The material facts as established at the circuit court trial are as follows. On April 16, 1999, defendant was standing on the Eugene pedestrian mall, which is over 50 feet wide, engaging in street preaching in a loud voice. He was preaching from the King James version of the Bible, pounding on his Bible, and calling out to passersby, accusing them of various sins and making repeated reference to "whores" and "whoremongers." (2) A group of three to five passersby had stopped close to defendant to engage in heated debate with him, and defendant referred to one of them, Carter, as a drunkard. Several dozen more bystanders also were grouped around defendant watching and listening. The crowd around defendant was gathered on the south side of the mall, but pedestrian traffic could get by to the north of where defendant and the crowd were gathered.
Jacqueline Silverthorn and her fiancé, John Lawson, walked by the area on the north side of the mall kissing each other, and defendant called out that Silverthorn was a whore and that she was going to hell. Silverthorn and Lawson were upset by defendant's description of Silverthorn as a whore, and reported the event to a nearby police officer, Tinseth. (3)
Tinseth approached defendant and saw that defendant was surrounded by 30 to 35 people, some of whom were becoming enraged by defendant's words. Defendant was waving and thumping his Bible while arguing with those people. Tinseth could hear some noise from about 150 feet away, and when he came closer he identified defendant as the source of some of the noise. Carter, whom defendant had called a drunkard, appeared to be on the verge of engaging defendant in a physical fight. Tinseth knew Carter as "a local transient" who was "very violent," and perceived that defendant was not trying to calm Carter down. Tinseth ordered several people in the crowd to stand back and then arrested defendant.

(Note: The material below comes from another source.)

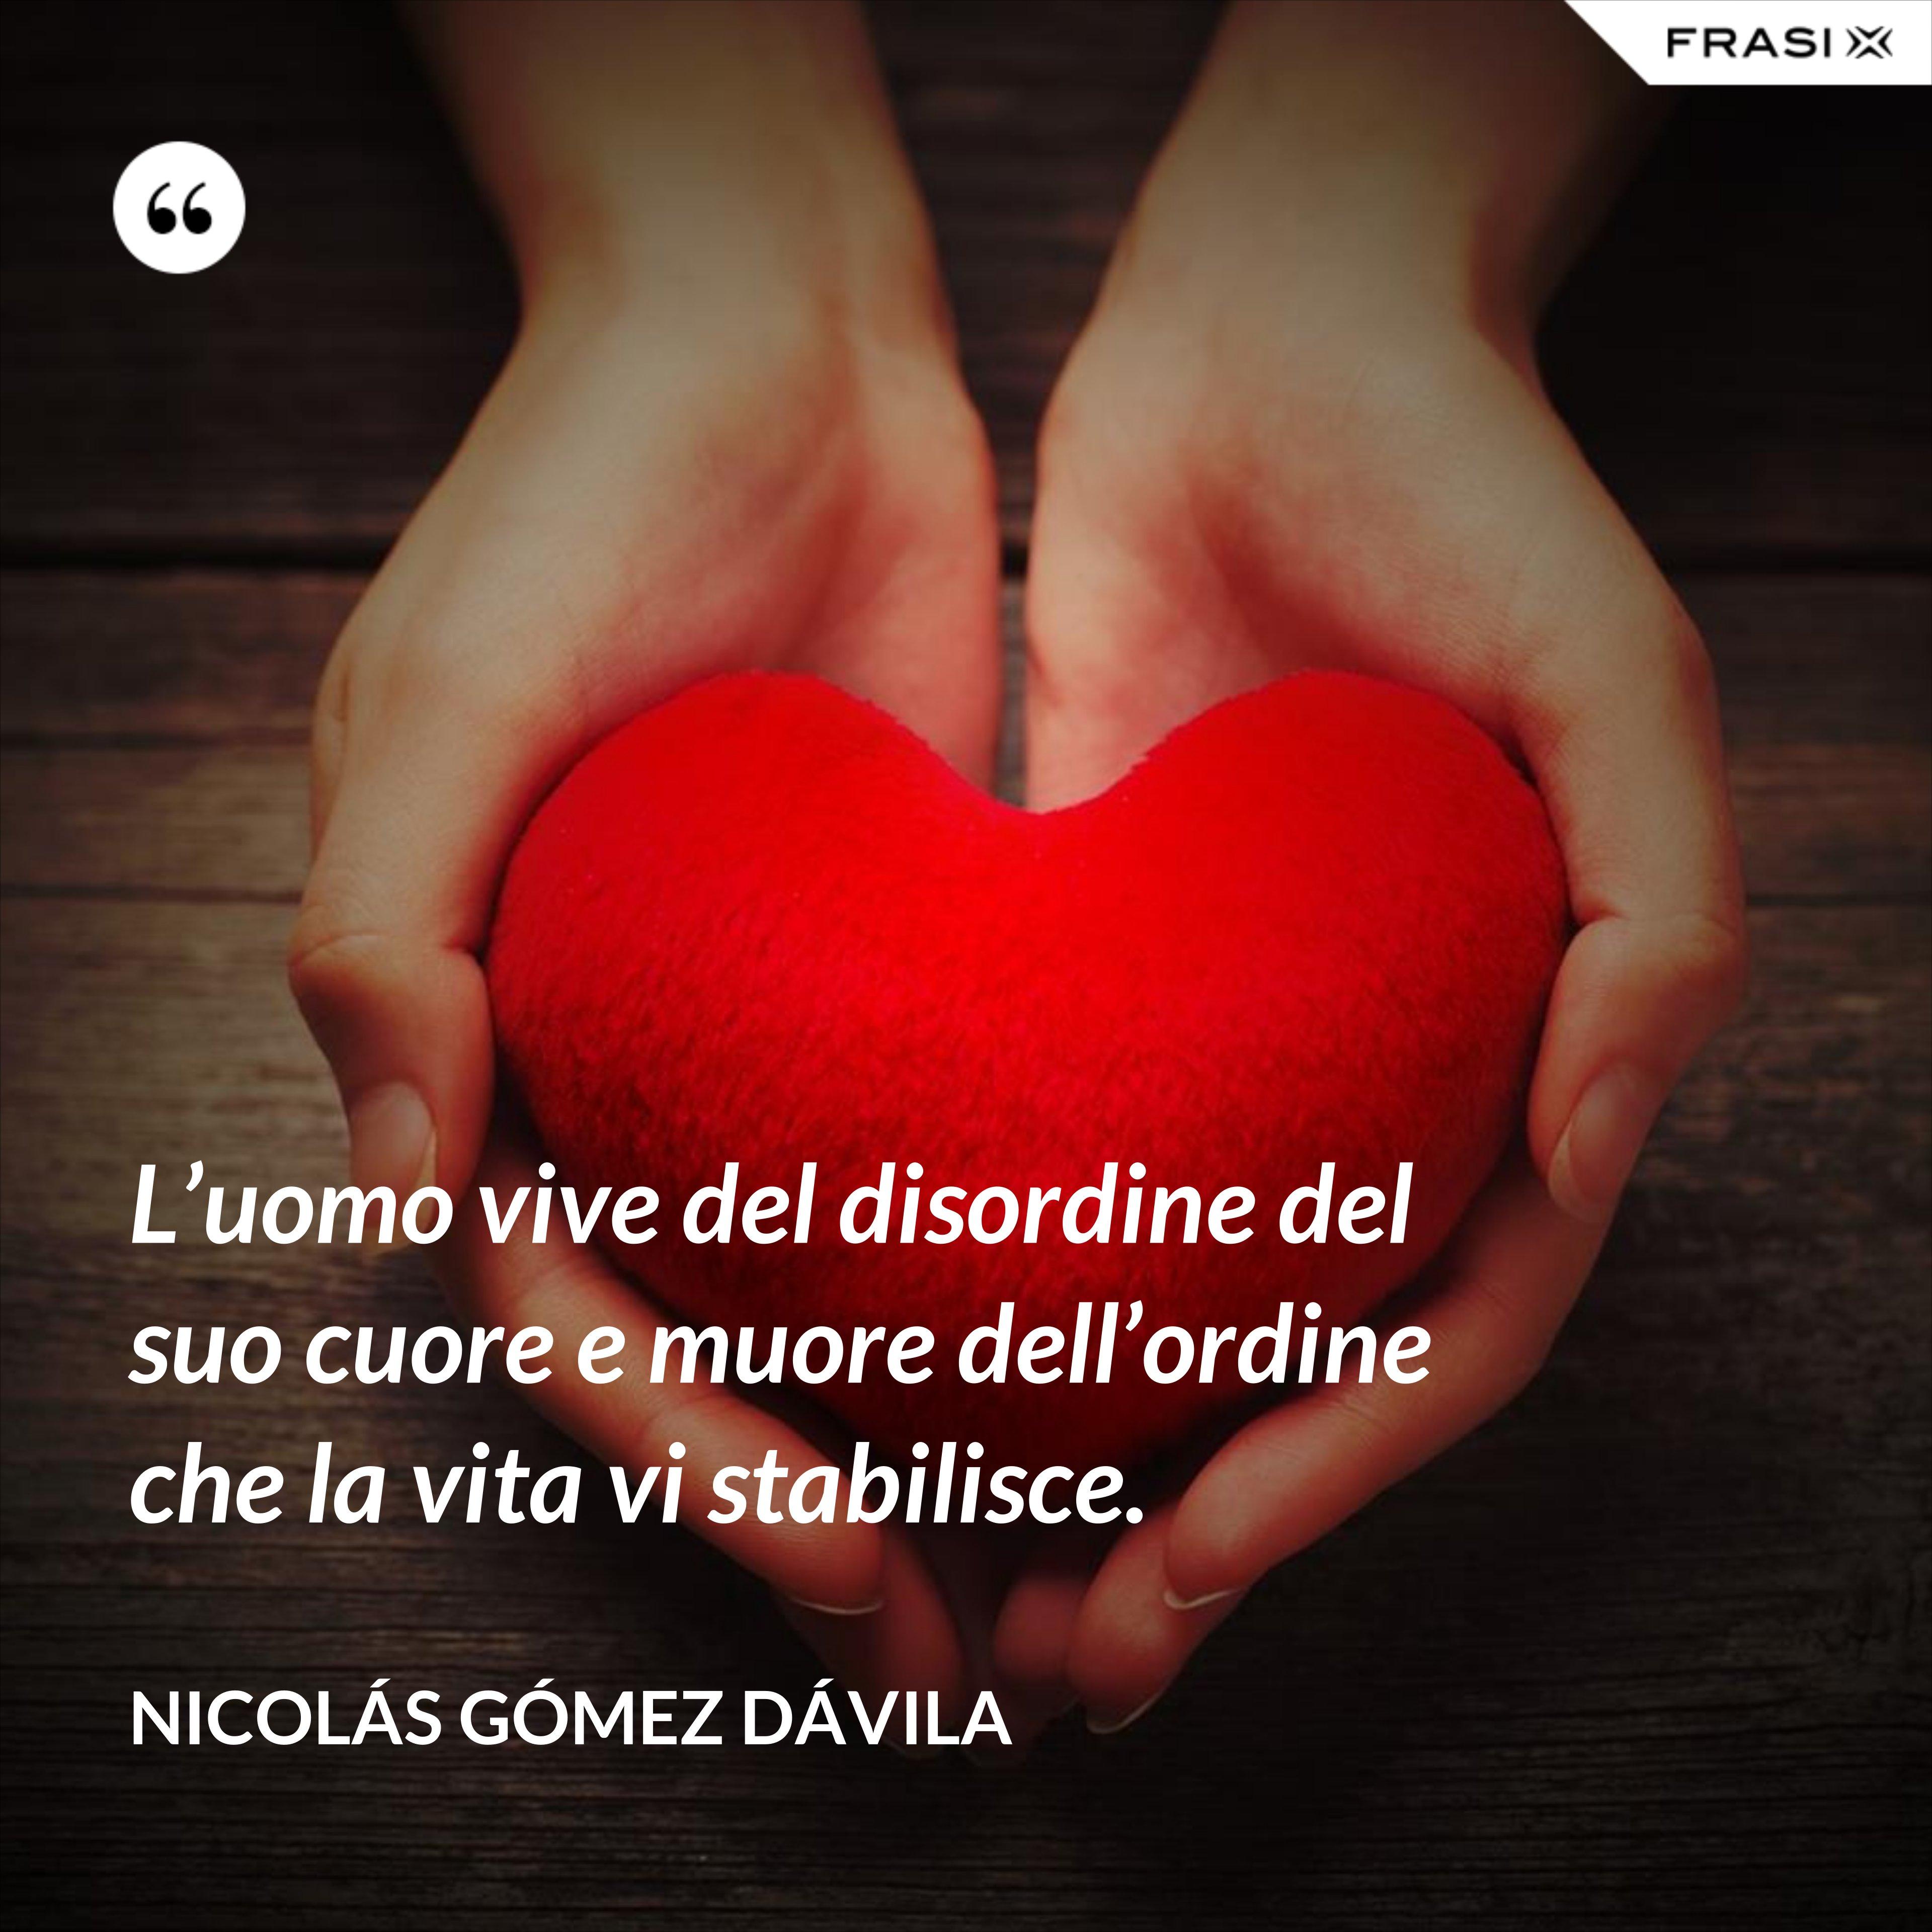 L'uomo vive del disordine del suo cuore e muore dell'ordine che la vita vi stabilisce. - Nicolás Gómez Dávila

Tinseth arrested defendant, in part, because he was attracting a large crowd and because the nature of his yelling was causing a disturbance. However, Tinseth's primary reason for arresting defendant "was that he attempted to be provoking fights, a physical altercation right there, with passing people." Defendant was charged with disorderly conduct under ECC section 4.725.
ECC section 4.725 provides, in part:
"A person commits the crime of disorderly conduct if, with intent to cause public inconvenience, annoyance or alarm, or recklessly creating a risk thereof, the person:
"(a) Engages in fighting or in violent, tumultuous or threatening behavior; or
"(b) Makes unreasonable noise; or
"* * * * *
"(d) Obstructs vehicular or pedestrian traffic on a public way[.]"
The city charged defendant, in the alternative, under each of those subsections.
At trial, defendant raised constitutional defenses to the charges against him, arguing that free speech and free religion clauses of the state and federal constitutions gave him a protected right to engage in the type of preaching that he was engaging in when he was arrested. The trial court rejected defendant's arguments and found him guilty of one count of disorderly conduct under the ordinance. The trial court did not specify under which of the sections it found defendant guilty.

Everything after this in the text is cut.